А после Добрыню отвезут в Ростов. И епископ, давний друг его, держа в дрожащих руках псалтырь, прочтет над ним отходную молитву.
Безутешно будет плакать над его гробом Валена (так и не станет она княгиней), будет с завистью и темной злобой глядеть из толпы, как въезжает в Ростов владимирский князь Всеволод, как подносят ему ключи, а девки украшают коня его венками из синих васильков.
Не увидит Всеволод в толпе Валену, потому что взгляды его будут обращены совсем в другую сторону — к украшенному красной и черной резьбой возку, в котором проедет за княжеской дружиной молодая боярыня Евпраксия, еще более похорошевшая после родов, а рядом с ней будет сидеть толстая девка с красным лицом и на виду у всех кормить щедрой грудью пухлого младенца.
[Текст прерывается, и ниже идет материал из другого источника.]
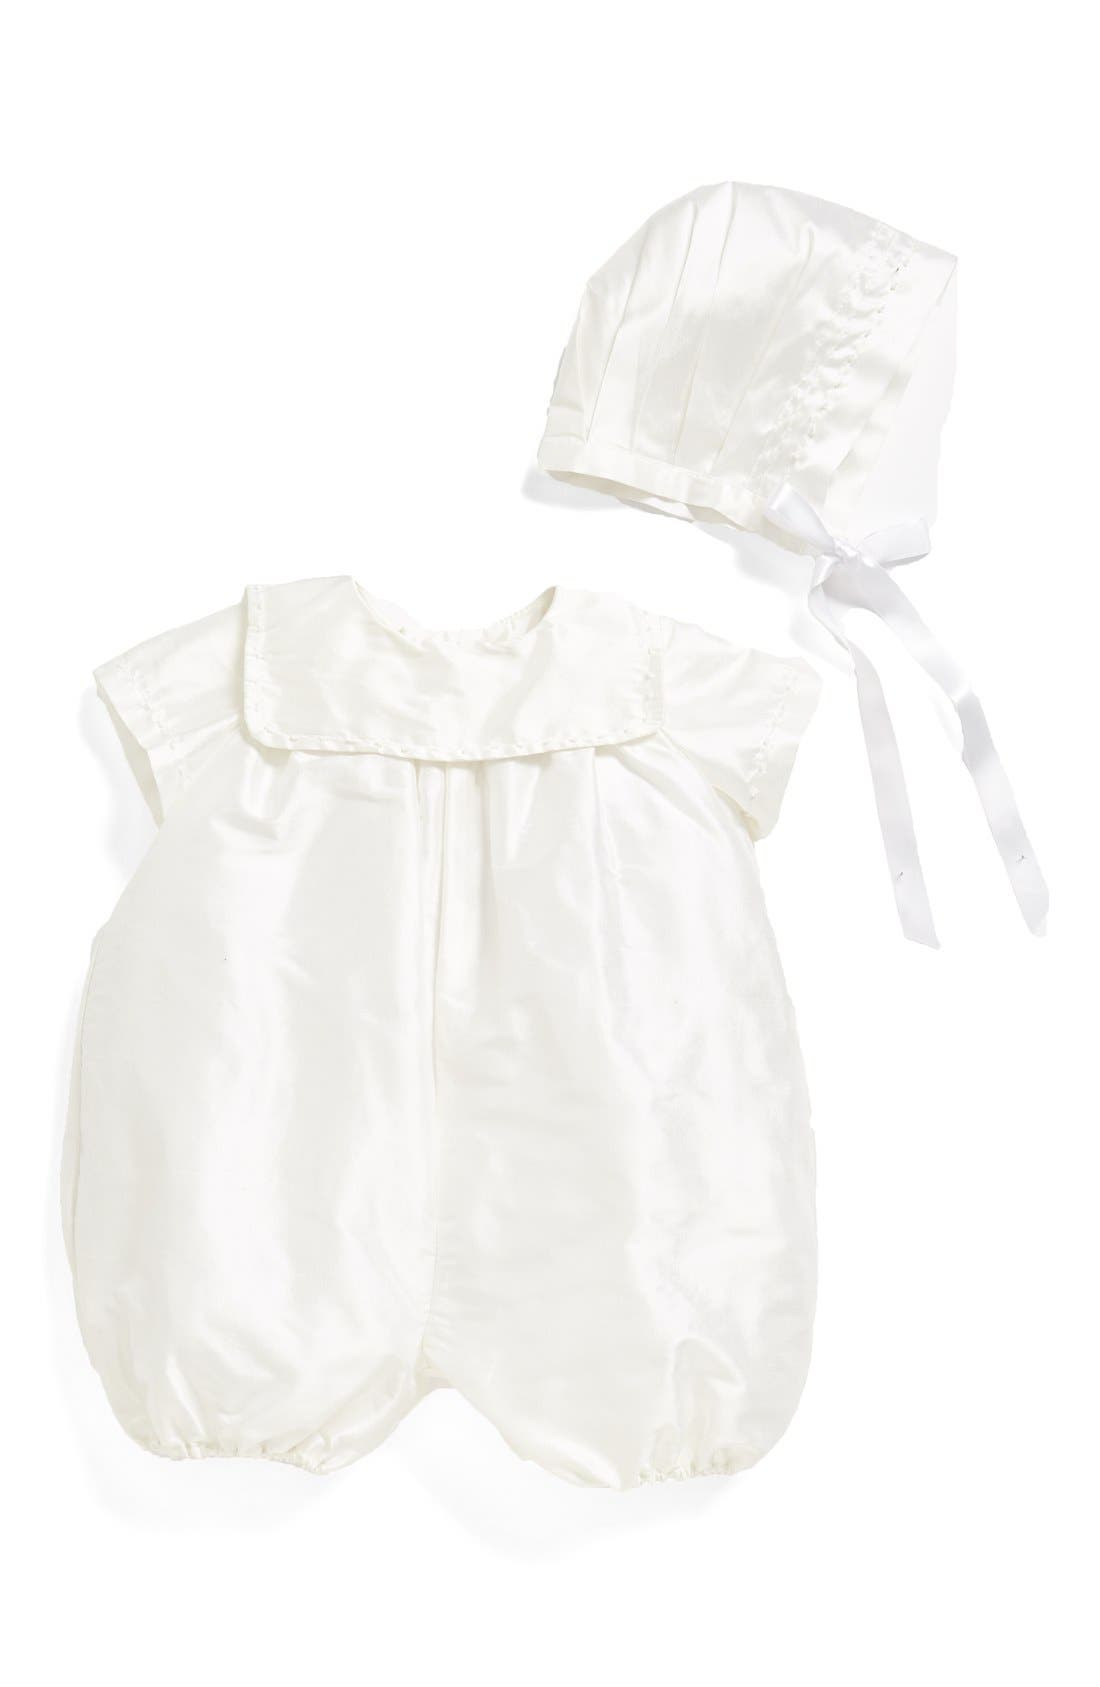 'Charming' Silk Romper & Bonnet,                             Main thumbnail 1, color,                             WHITE

Не много воды утечет с того дня, а многое переменится. И ничего этого не увидит боярин Добрыня, и, может быть, к лучшему, — все равно не перенес бы он великого позора. Ушел бы от мира в монастырь или сбежал бы в леса.
И да будет земля ему пухом.
В избе у новгородского посадника Якуна просторно, на полу — медвежья новая шкура, на лавках — мягкие ковры, дощатые стены натерты воском. Везде порядок, уют, хоть и живет Якун без хозяйки. Давно померла жена, а новой в дом не привел: пришлая девка управляется с хозяйством.
Сидит Якун на лавке, поджал босые ноги с заскорузлыми пальцами, морщит лоб, щупает языком больной зуб, временами прикладывается к чаре — полощет рот шалфеем. Есть над чем призадуматься Якуну — сам князь в гости пожаловал. И не то чтобы в гости — князь есть князь, — а пожаловал за подмогой. Дело родственное, подсобить надо — а как?!
Во второй раз сбежал Мстислав из Новгорода, не сказавшись, не посоветовавшись ни с боярами, ни с вечем. Один раз простили — уговорил их Якун. Уговорит ли во второй раз?..
На Мстислава Якуну глядеть было неохота. Сидит бледный, испуганный, глаза рыщут по избе, избегают Якунова твердого взгляда. Если бы не Ходора, ни за что не простил бы князя Якун. Но дочь — родная кровь, да еще с сыном. О дочери и думает Якун — не о князе. Если бы не дочь, сам не пустил бы Мстислава на порог.
— Сбегу. К Глебу али к половцам сбегу, — вялыми губами бормочет Мстислав.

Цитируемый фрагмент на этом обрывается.